A rare genetic variant in the KCNH2 gene is linked to drug-induced QT prolongation, a heart condition that can lead to dangerous arrhythmias.

## Contribution

This is the first study to associate the KCNH2 c.1066C>T variant directly with drug-induced QT prolongation and assess its pathogenicity using ACMG guidelines.

## Key findings

- The KCNH2 c.1066C>T variant was found in a patient with drug-induced QT prolongation.
- In silico analysis suggested potential pathogenicity, but structural impacts remain uncertain.
- The variant was classified as 'uncertain significance' based on ACMG and ClinGen criteria.

## Abstract

Long QT Syndrome (LQTS) is characterized by prolonged QT intervals on electrocardiogram, which may progress into life-threatening polymorphic ventricular tachycardia and sudden cardiac death. Variants in the KCNH2 gene have been associated with congenital LQTS, with thousands identified to date but very few clinically characterized.

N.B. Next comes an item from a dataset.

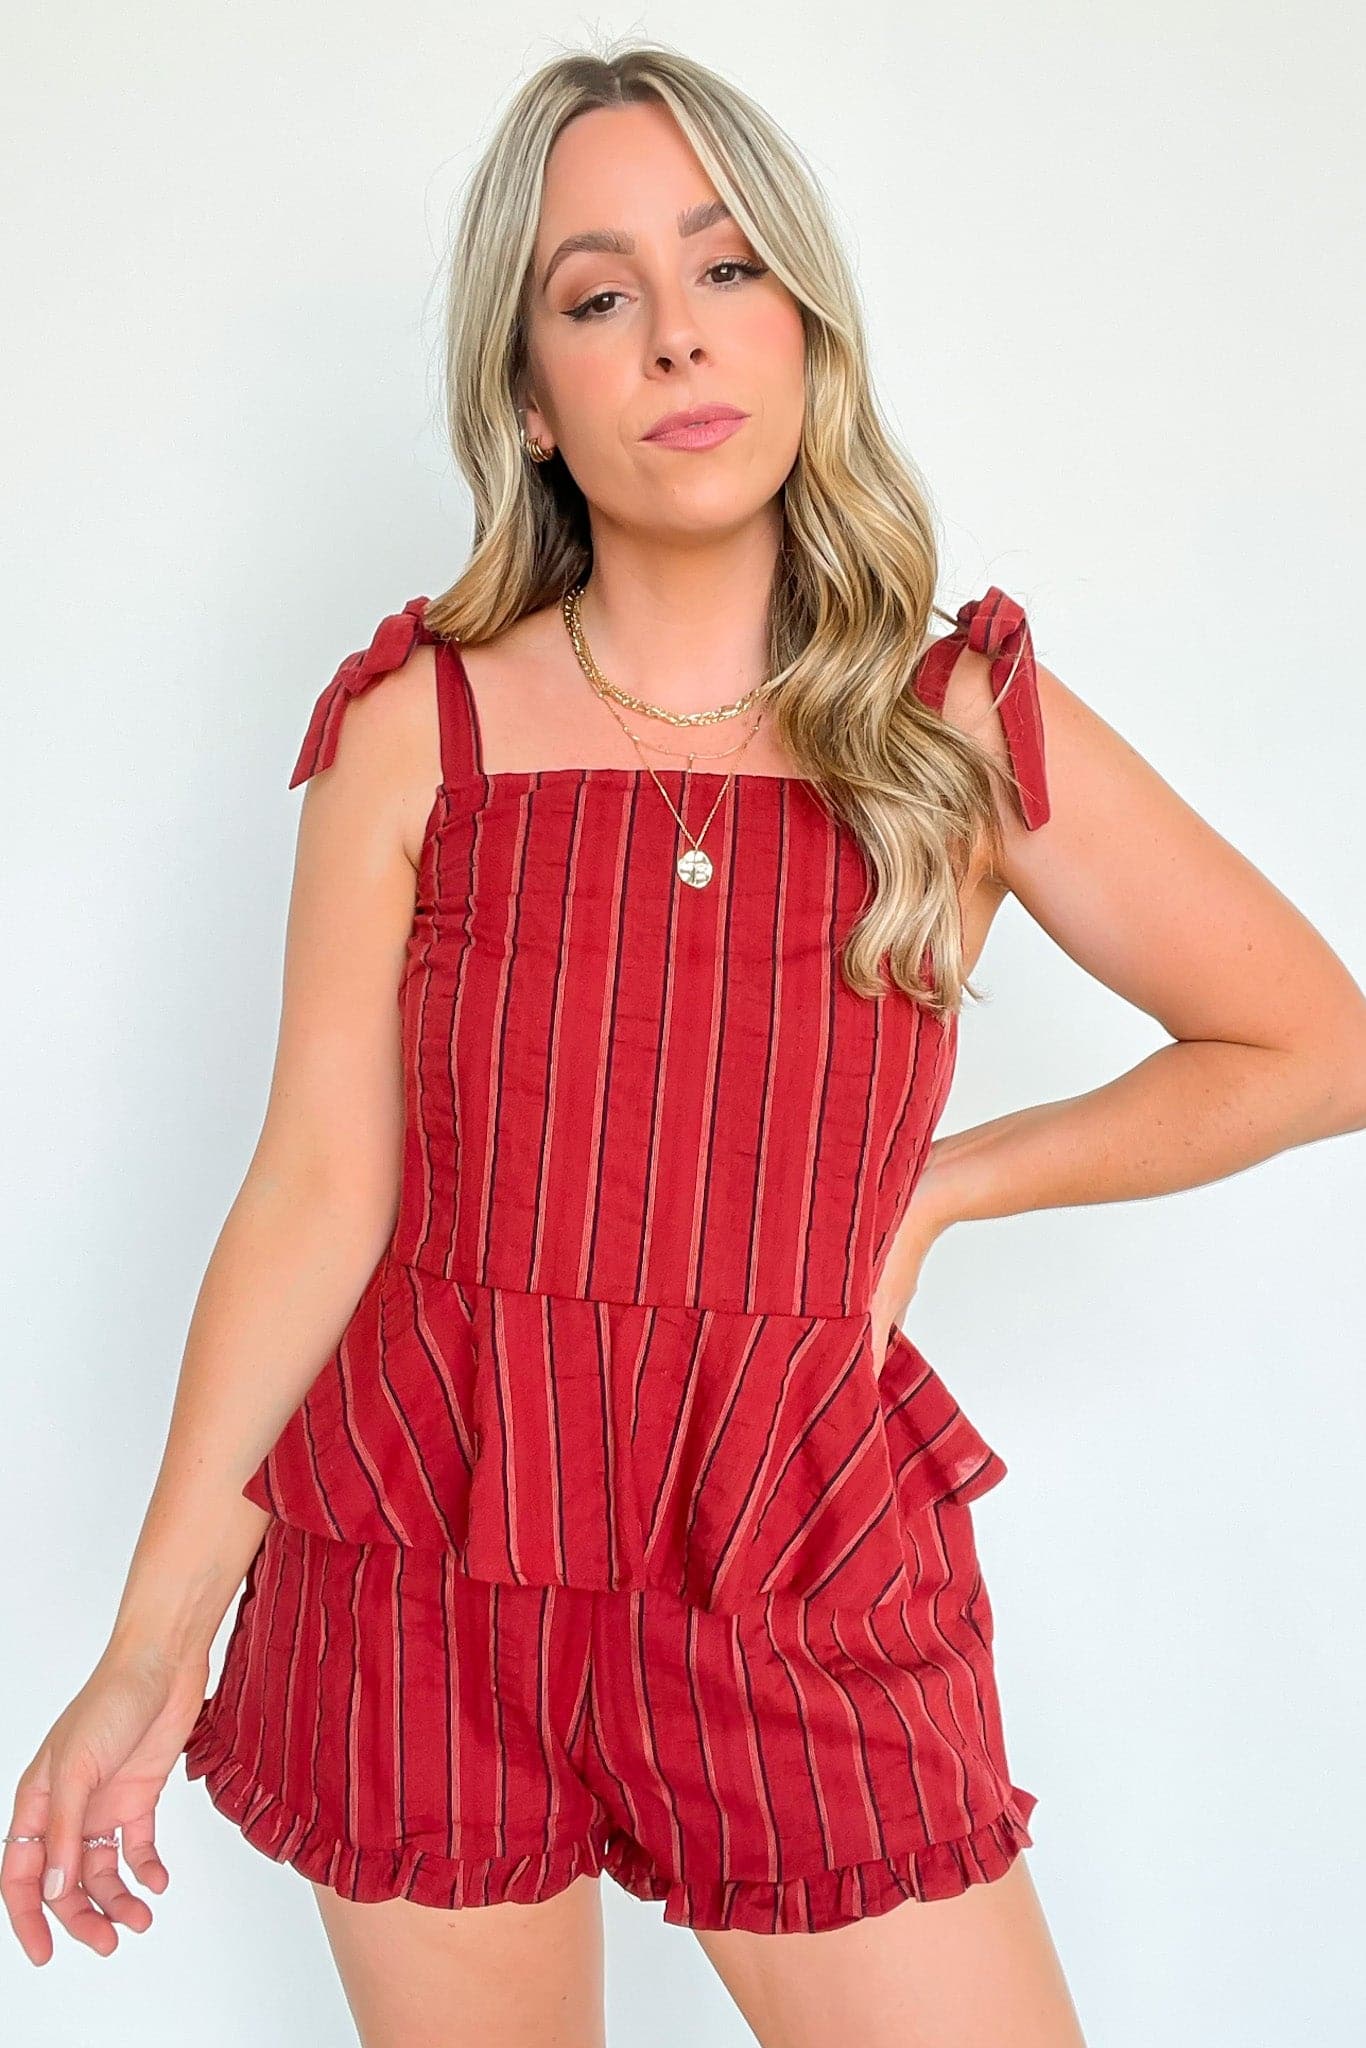  Sail West Tie Strap Peplum Striped Tank Top - FINAL SALE - Madison and Mallory
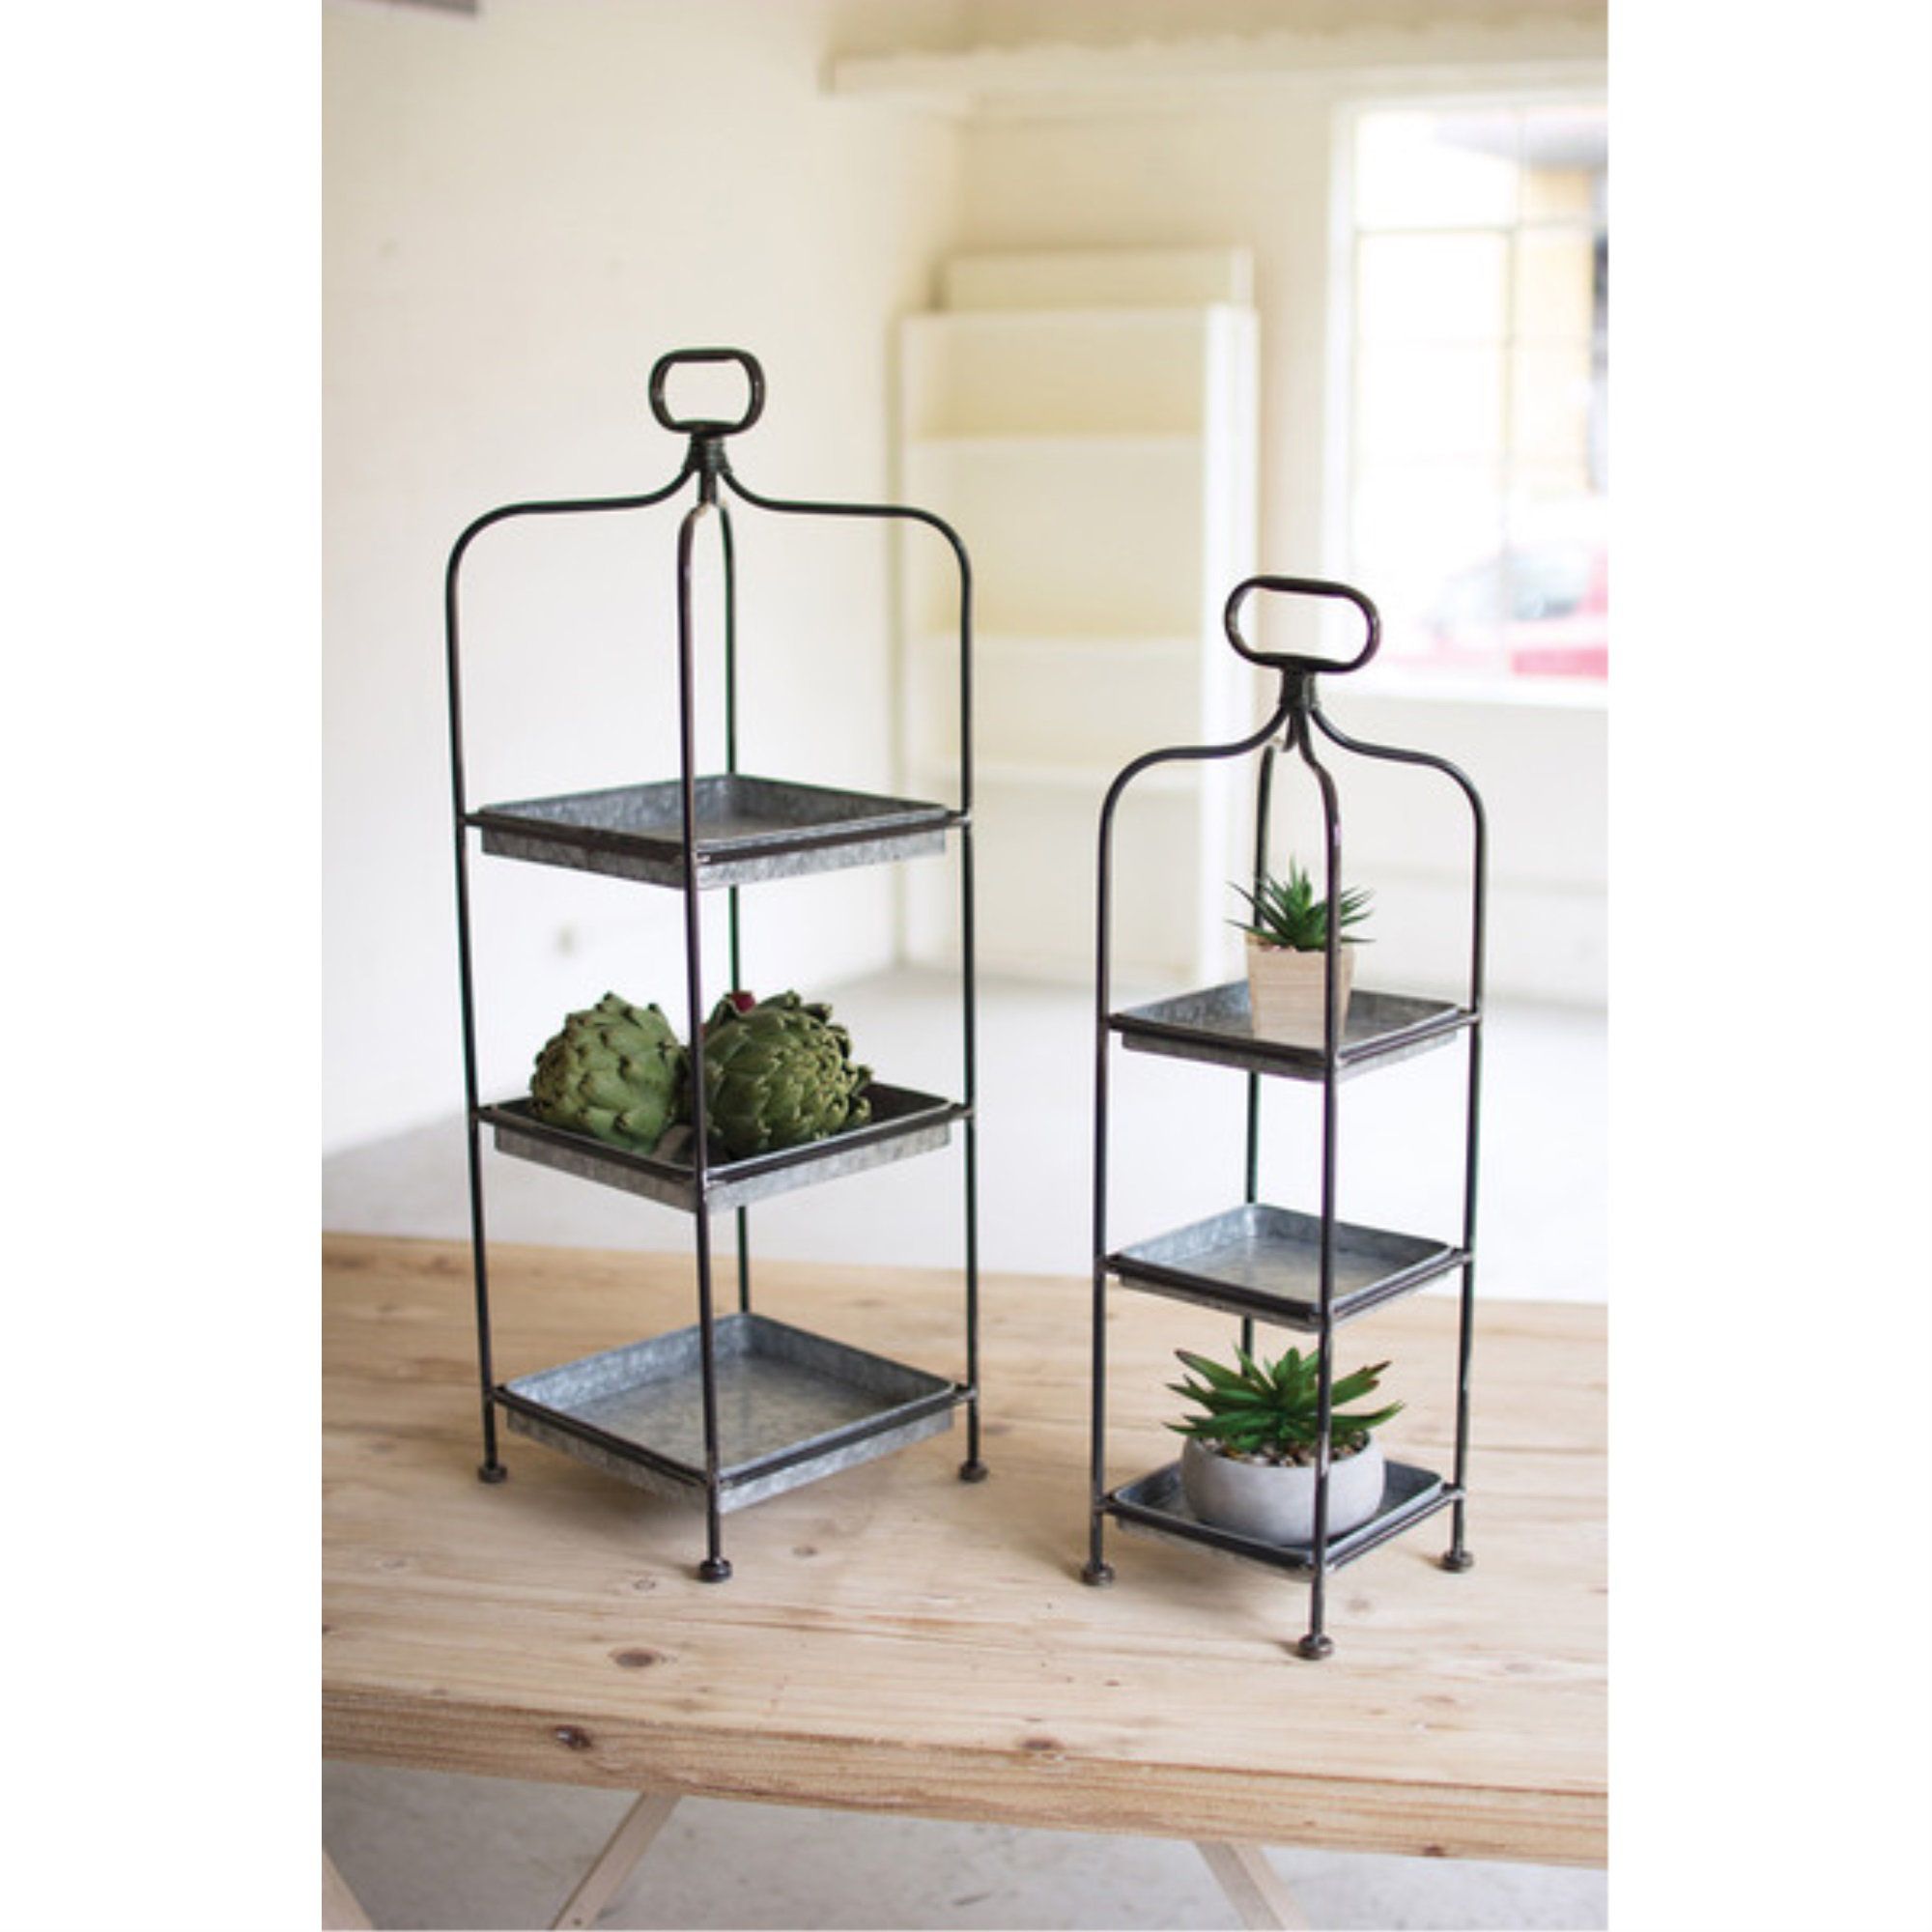 Three Posts Kolten Multi Tiered Plant Stand & Reviews – Wayfair Canada With Regard To Galvanized Plant Stands (View 15 of 15)

To describe the rare single nucleotide variant KCNH2 (NM_000238.4):c.1066C>T (p.Arg356Cys) associated with drug-induced QT prolongation and to assess its pathogenicity risk using in silico tools and protein structural modeling in accordance with American College of Medical Genetics and Genomics (ACMG) guidelines.

Next-generation sequencing was performed for a patient presenting with drug-induced QT prolongation who was found to carry the rare KCNH2 1066C>T variant. Thirteen established gene discovery computational tools were employed to analyze the variant in silico. Additionally, structural modeling of the variant’s region within the wild-type protein was performed utilizing AlphaFold.

The clinical phenotype associated with the KCNH2 1066C>T variant has not been previously described in literature, except in combination with a variant in the KCNQ1 gene. Computational analysis with a meta-predictor, REVEL, supported variant pathogenicity, while predictive modeling and AlphaMissense illustrated the uncertainty of structural impacts in a disordered region. Risk analysis of the variant performed utilizing ACMG guidelines and ClinGen criteria-specific recommendations resulted in an overall classification of “uncertain significance”.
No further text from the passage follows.